This isn't the first time Dimon's complained about too much regulation. Here's Huffington Post Hunter Stuart's "Jamie Dimon Really, Really Hates Financial Regulation" mashup. Dimon has called regulation anti-American, anti-business, an attack on work ethic and successful people. He's even gone so far as to call public criticism of bankers "a form of discrimination." All this from a guy who has to sit in the back of the limo, drink from his own fountain, and makes his money betting with other people's pensions, savings, and retirement funds.

Dimon, who also sits on the board at the New York Federal Reserve, whining about regulation can't seriously be seen as anything more than a spectacle put on by a gifted actor.

The regulation put in place back in 2010 - all 2,300 pages of it has already been dismantled by lobbyists and looks like a teetering Jenga tower before the last block gets pulled.

A New York Times article, "Bank Regulators Under Scrutiny in JPMorgan Loss," examines "embedded regulators" and whether they are effective or could have prevented the losses JPMorgan suffered.


Roughly 40 examiners from the Federal Reserve Bank of New York and 70 staff members from the Office of the Comptroller of the Currency are embedded in the nation's largest bank. They are typically assigned to the departments undertaking the greatest risks, like the structured products trading desk. Even as the chief investment office swelled in size and made increasingly large bets, regulators did not put any examiners in the unit's offices in London or New York, according to current and former regulators who spoke only on condition of anonymity.

Bill Black, a former SEC regulator, writing over at Naked Capitalism, goes into a deeper examination of the Times' article. "Embedded examiners do not work." Black writes, "They get too close to the bank officers and employees. In the regulatory ranks we called this 'marrying the natives.'"

Making the point that the financial industry has become too complex for most to understand, or that the reporters were simply over their heads taking on this story, Black says:


It is not clear that the reporters understand that the paragraph contradicts itself. It states, as if it were an indisputable fact, that the CIO is a "Treasury unit" and such "units hedge risk and invest extra money on hand." The next sentence contradicts the first. It admits that the CIO actually made "large bets" and "recorded $5 billion in profit." It gambled on derivatives rather than hedged. It may have won these bets in the first three years.

Any regulation put in place is window dressing and, for the most part, irrelevant without regulators in place who will actually enforce that regulation and people in Congress who won't help bank lobbyists chip away at that regulation.
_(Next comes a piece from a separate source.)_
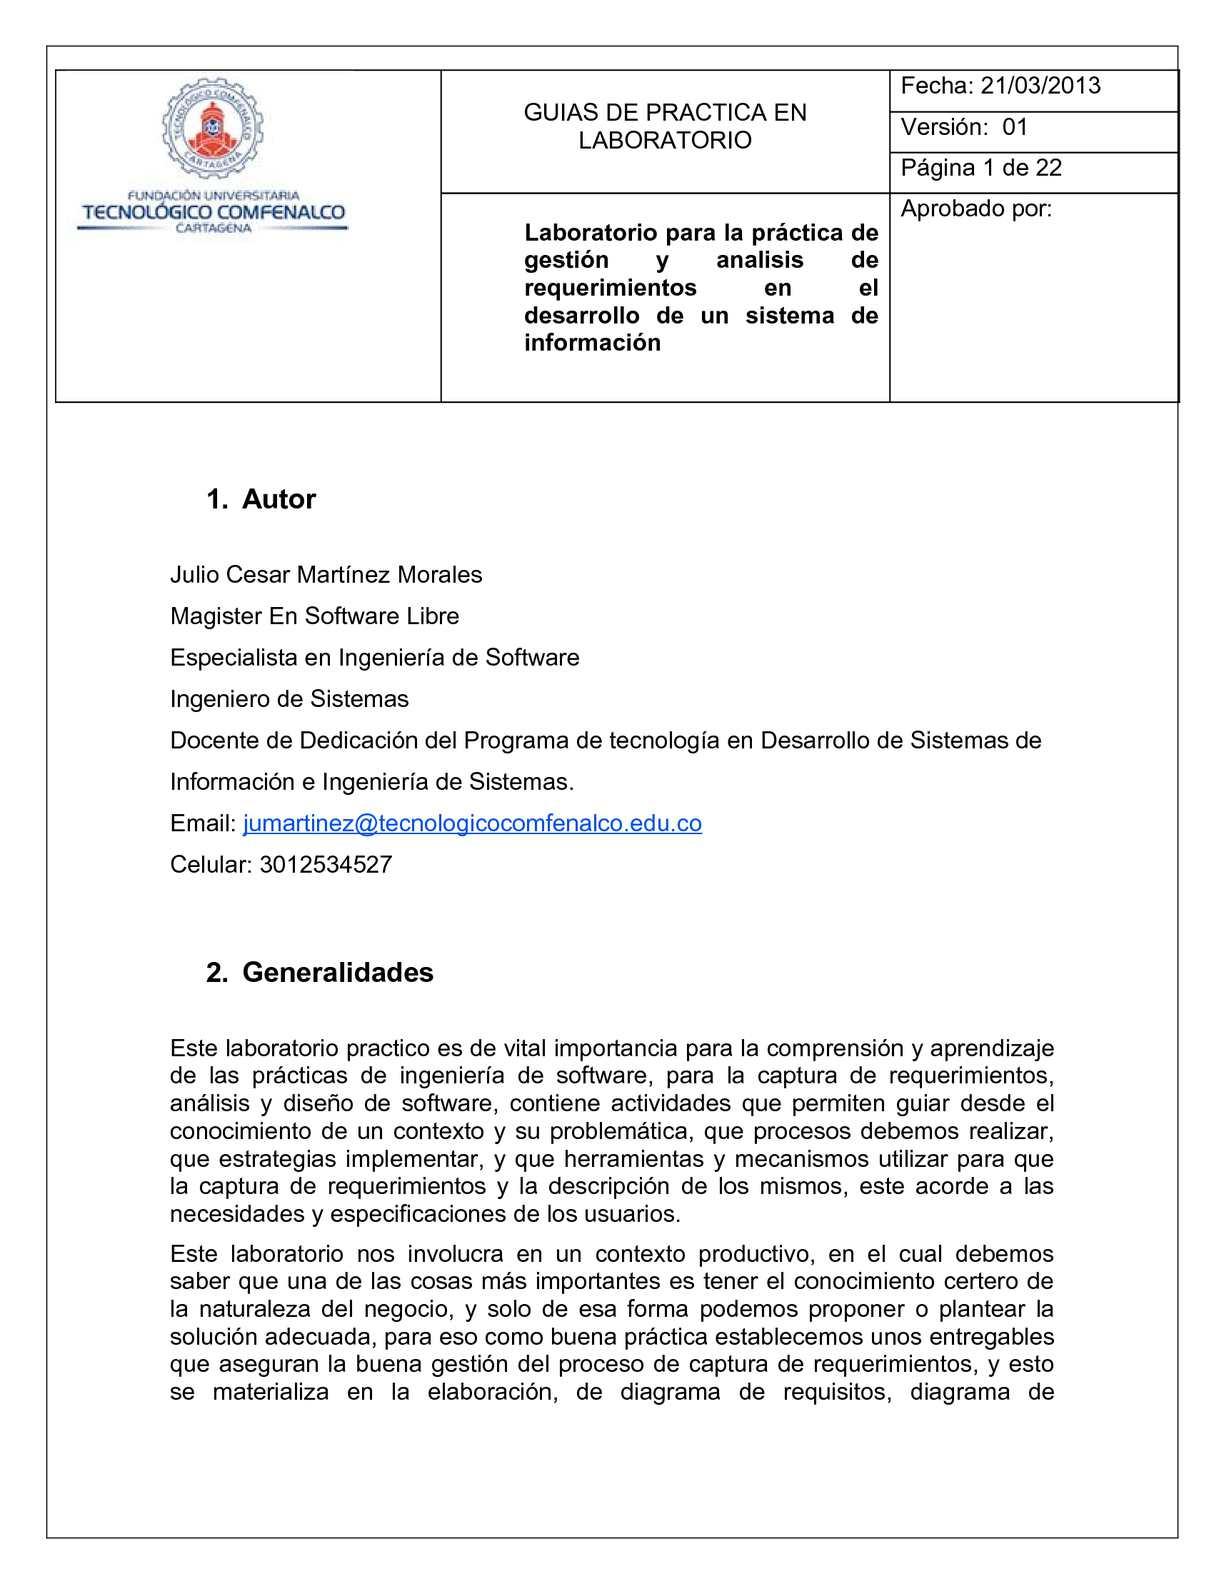 Calaméo - Guia de laboratorio de Analisis y Diseño de Software

This piece, The Democrats Who Protect JP Morgan's Incompetent Regulator, by Matt Stoller, a fellow at the Roosevelt Institute, paints a pretty bleak picture of Congress flagrantly defending incompetent regulators and voting against the public interest.


Last month, I reported on two amendments put forward in the House Financial Services Committee which would substantially limit the undemocratic power of the Federal Reserve and the national bank regulator, the Office of the Comptroller of the Currency. They would subject these agencies to the regular appropriations process, meaning that Congress could cut off their funds if there were policy disagreements. Right now, the OCC gets its money from banks and the Fed prints its own budget (nice work if you can get it). The amendment put forward to bring the OCC into line with democracy was offered by Rep. Brad Miller, and it lost by a vote of 22-35. The Fed amendment lost by a vote of 24-33. What's interesting, though, is that while Barney's amendment on the Fed lost in a straight party line vote, Miller's OCC amendment would have won if the seven Democrats who voted against it had voted for it.

Even JPMorgan's own internal "regulation" and oversight is a joke. In "JPMorgan Gave Risk Oversight to Museum Head With AIG Role" over at Bloomberg, we learn that Ellen Futter, who sits on the committee responsible for overseeing risks at JPMorgan is the head of the American Museum of Natural History - hardly a position that would merit overseeing financial transactions more complicated than ticket sales.

In fact, her resume could read something like this (from the same article):

Futter headed the audit committee of Bristol-Myers, a New York-based drugmaker, during an accounting scandal that began in 1999 and that the company settled for $300 million to avoid criminal prosecution. She also served on AIG's compliance and governance committees, resigning in July 2008 before the insurer took a $182.3 billion bailout from the U.S. government.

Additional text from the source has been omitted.